Descriptive statistics (n = 1436).
Measure | n | % |
---|---|---|
Sex | ||
Female | 718 | 50 |
Male | 718 | 50 |
Age | ||
18-29 | 87 | 6.1 |
30-44 | 411 | 28.6 |
45-59 | 364 | 25.4 |
60+ | 574 | 40 |
Race/ethnicity | ||
White | 895 | 62.3 |
Hispanic | 255 | 17.8 |
Black | 191 | 13.3 |
Multiracial and other | 57 | 4 |
Asian | 38 | 2.7 |
Education | ||
Less than high school | 37 | 2.6 |
High school | 242 | 16.9 |
Some college | 666 | 46.4 |
BA or more | 491 | 34.2 |
Annual household income | ||
<$50 000 | 727 | 50.6 |
At least $50 000 | 709 | 49.4 |
Health insurance coverage | ||
No | 94 | 6.6 |
Yes | 1342 | 93.5 |
Self-reported health | ||
Poor to fair | 336 | 23.4 |
Good | 612 | 42.6 |
Very good to excellent | 488 | 34 |
Last healthcare visit | ||
Longer than 1 year | 222 | 15.5 |
Within past year | 1214 | 84.5 |
System competence with data use (mean, SD) | 2.3 | 0.82 |
System integrity with data use (mean, SD) | 2.4 | 0.9 |
Observations with missing data were excluded.
Results
A total of 1541 participants completed the survey. As reported in Table 1, half of the sample self-identified as female. A large majority of respondents had health insurance (93.5%) and had seen a healthcare provider within the previous year (84.5%). The sample was roughly evenly divided between individuals reporting less than $50 000 in annual household income and those earning more than $50 000 per year. We present the unweighted descriptive statistics and multivariable analyses below in order to ensure adequate representation and statistical power for the oversampled populations (African American respondents, Hispanic respondents, and respondents earning less than 200% of the federal poverty level). According to the Census Bureau’s Current Population Survey, our sample was more likely to rent their home than the US adult population. Our sample also had a higher proportion of single adults than the US population. For full details on how this national sample reflects and deviates from the US population according to the Census Bureau’s Current Population Survey, please see the Supplementary material.

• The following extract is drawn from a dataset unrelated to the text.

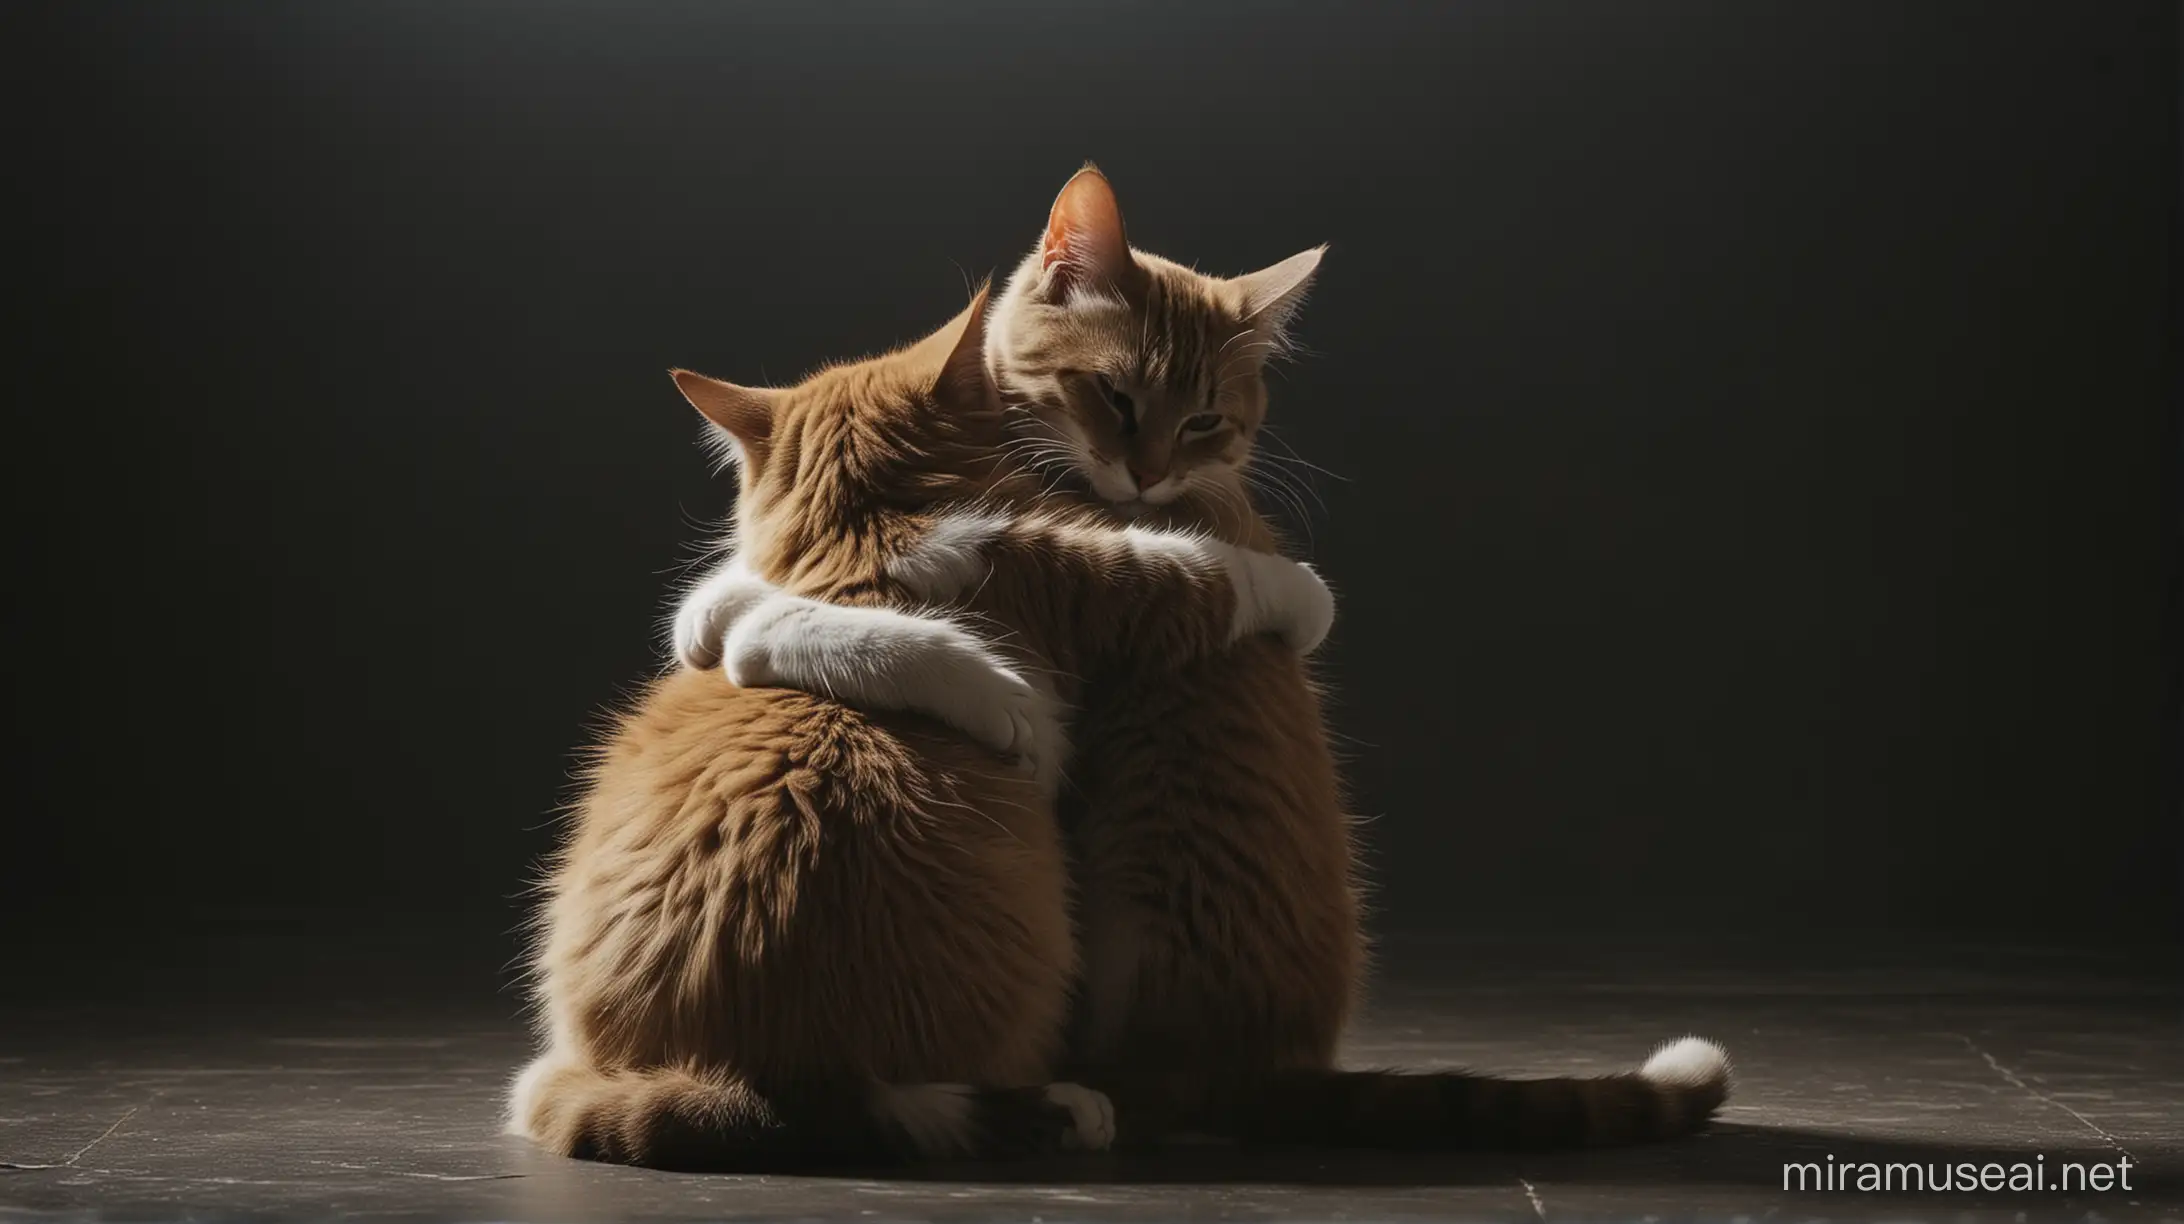 Intimate Moment of Two Cats Embracing in a Dimly Lit Room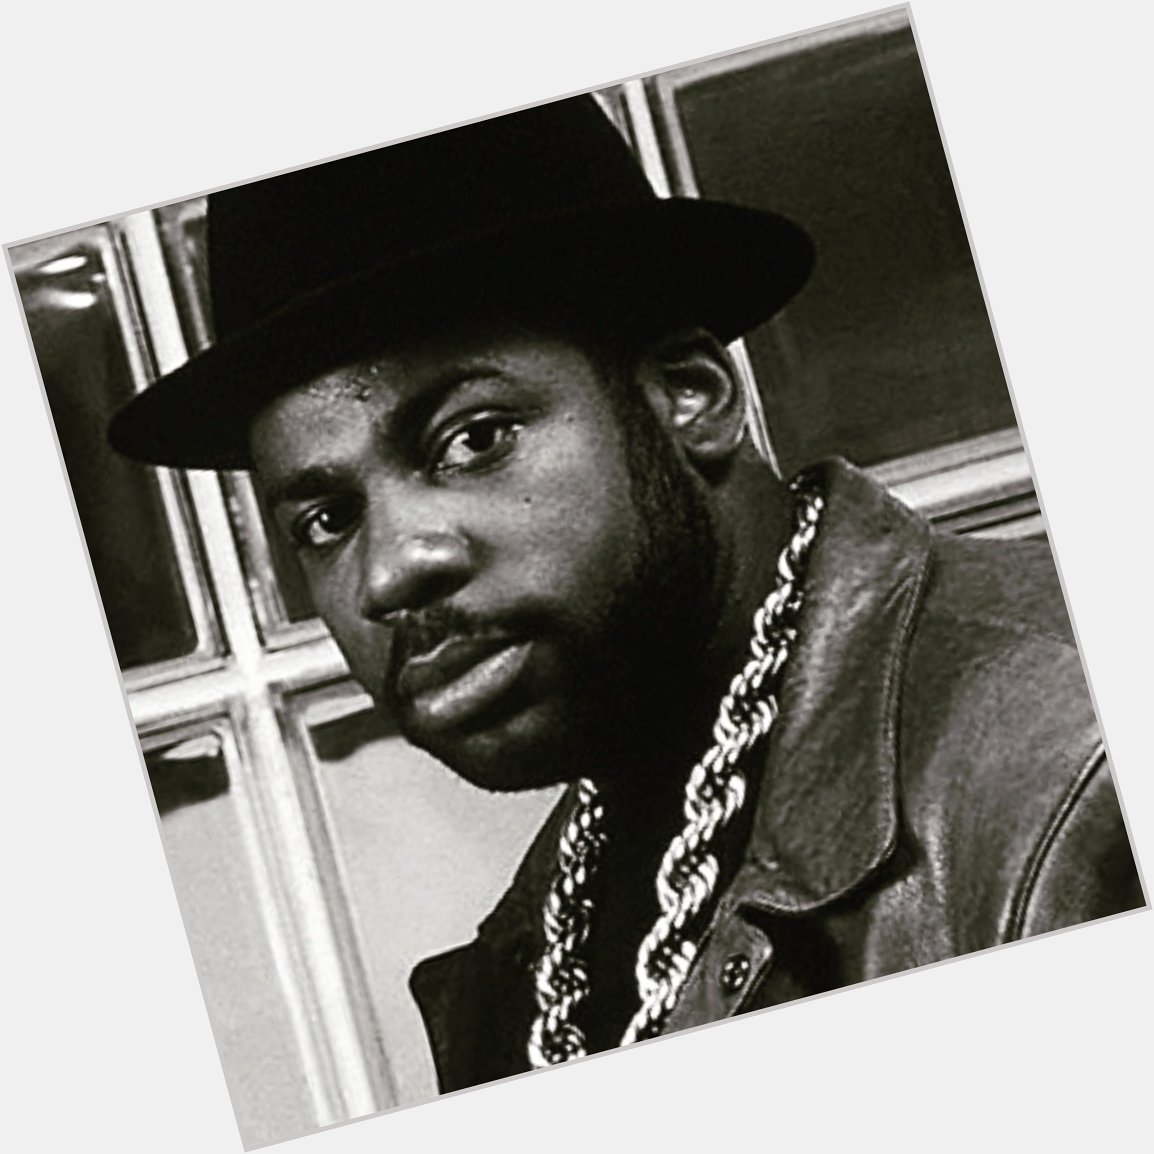 Happy birthday to Jam Master Jay on what would have been his 52nd birthday.

Descriptive statistics indicate that comfort with data use for prediction is low (Figure 2). Only two of the data types analyzed here, blood pressure and cancer diagnosis, were acceptable to a majority of the sample. Comfort with the use of income for prediction in healthcare was lowest (18.38%), followed closely by history of incarceration (19.57%).

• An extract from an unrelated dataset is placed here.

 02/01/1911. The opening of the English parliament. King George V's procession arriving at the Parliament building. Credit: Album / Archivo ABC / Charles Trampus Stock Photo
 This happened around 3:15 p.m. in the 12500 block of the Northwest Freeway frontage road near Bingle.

What are the underlying, co-varying dimensions (multivariate factors) of public comfort with use of various data types for prediction in healthcare?
Figure 2.
Comfort with 15 data types for prediction in healthcare. In Figure 2, comfort is defined as “very comfortable” or “somewhat comfortable” with the use of each type of data for prediction.

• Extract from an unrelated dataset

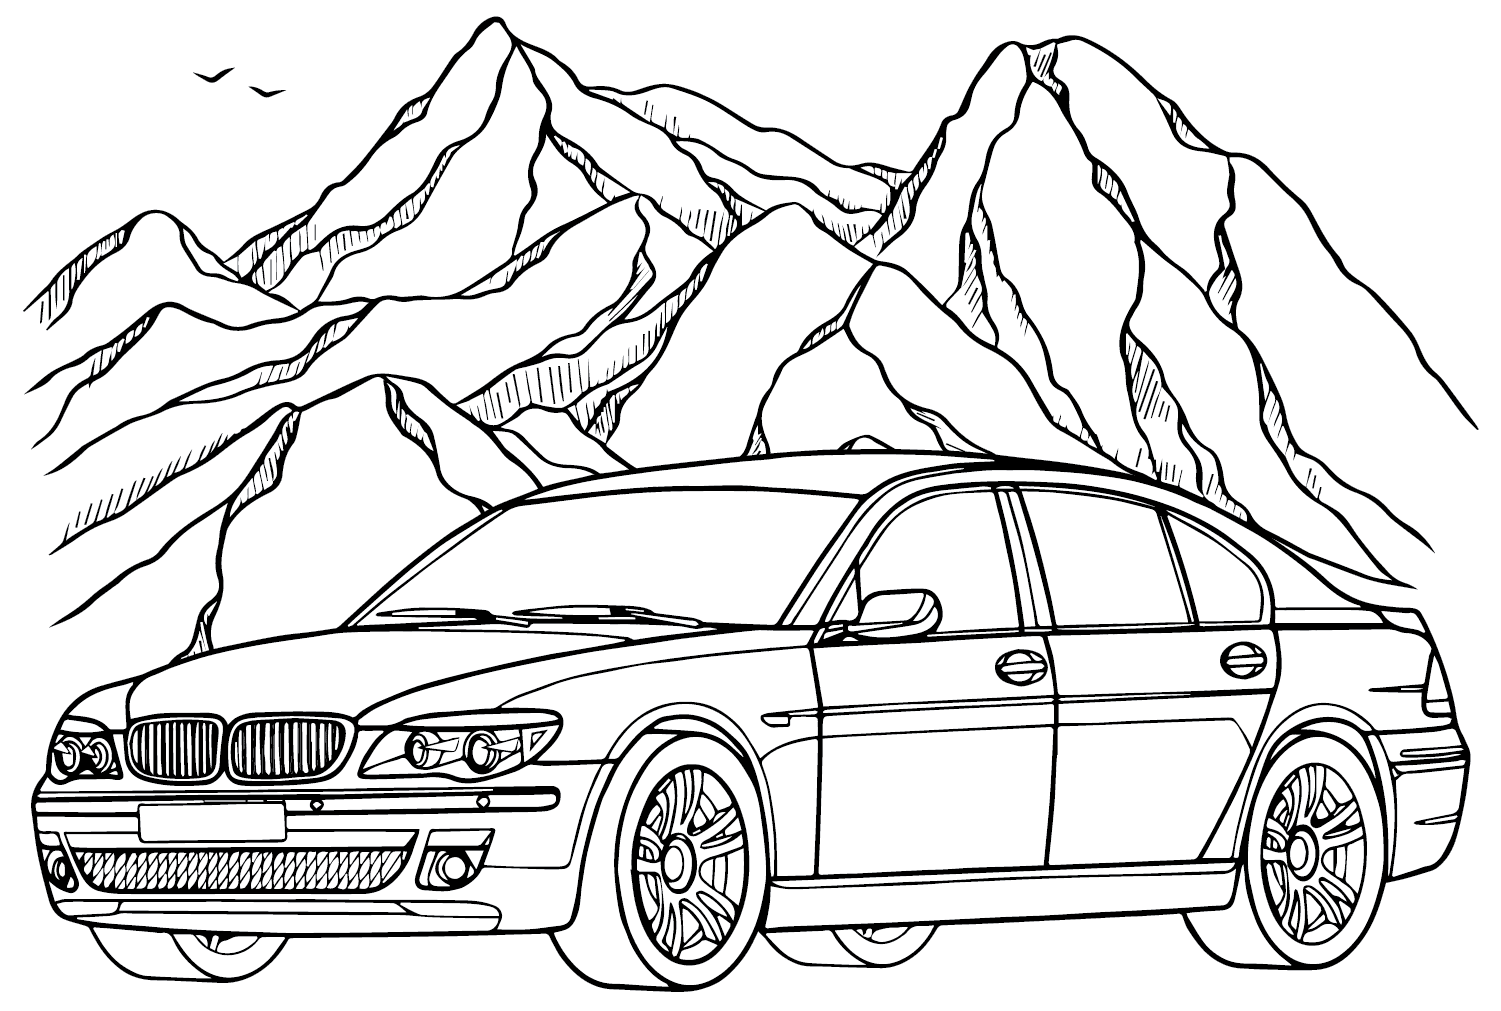 BMW 7 Series Coloring Page from BMW

Exploratory factor analysis revealed the multivariate factors underlying public comfort with the use of all 15 data types. The data types and their factor loadings are listed in Table 2.
Table 2.
Factor analysis of comfort with the use of all data types for prediction.
Variable | Factor 1 | Factor 2 | Factor 3 |
---|---|---|---|
Eigenvalue | 8.43 | 1.34 | 0.69 |
Age | 0.79 | 0.18 | 0.005 |
Sex | 0.80 | 0.09 | 0.01 |
Race/ethnicity | 0.66 | 0.02 | 0.14 |
Weight | 0.73 | 0.24 | 0.01 |
Cancer diagnosis or family history | 0.06 | 0.89 | 0.06 |
Blood pressure | 0.12 | 0.88 | 0.03 |
Health behaviors | 0.11 | 0.67 | 0.05 |
Mental health diagnoses | 0.03 | 0.69 | 0.17 |
Genetic information | 0.17 | 0.44 | 0.21 |
Income | 0.17 | 0.06 | 0.65 |
Marital status | 0.38 | 0.04 | 0.49 |
Employment status | 0.02 | 0.08 | 0.80 |
History of incarceration | 0.05 | 0.04 | 0.82 |
Zip code | 0.09 | 0.02 | 0.71 |
Health insurer | 0.01 | 0.06 | 0.76 |
The variable’s factor loading is in bold when it is above the threshold of 0.4.
The variables that loaded on Factor 1 were largely demographic and personal characteristic data, including age, weight, sex, and race/ethnicity. Variables that met the criteria for loading on Factor 2 included health-related information like health status and diagnoses (eg, blood pressure, cancer diagnosis, health behaviors). Factor 3 included variables describing certain aspects of social experience or position (eg, income, marital status, history of incarceration). Comfort with these data was especially low. For further analysis, these factors are labeled as follows: (1) personal characteristic data, (2) health-related data, and (3) sensitive data. Figure 3 shows the distributions of comfort with each data type according to the factor on which the variables loaded. These figures demonstrate the ways comfort varied according to factor. We observe high proportions of participants reporting low comfort with Factor 3 (sensitive data). We observe a more even distribution of comfort across Factor 1 (personal characteristic data). Discomfort with Factor 2 (health-related data) was generally low, with most participants indicating they were somewhat or fairly comfortable with these data types being used for prediction.
What individual-level variables predict the multivariate factors of comfort with the use of data for predictive modeling in healthcare?
Figure 3.
Distributions of comfort with each data type by factor.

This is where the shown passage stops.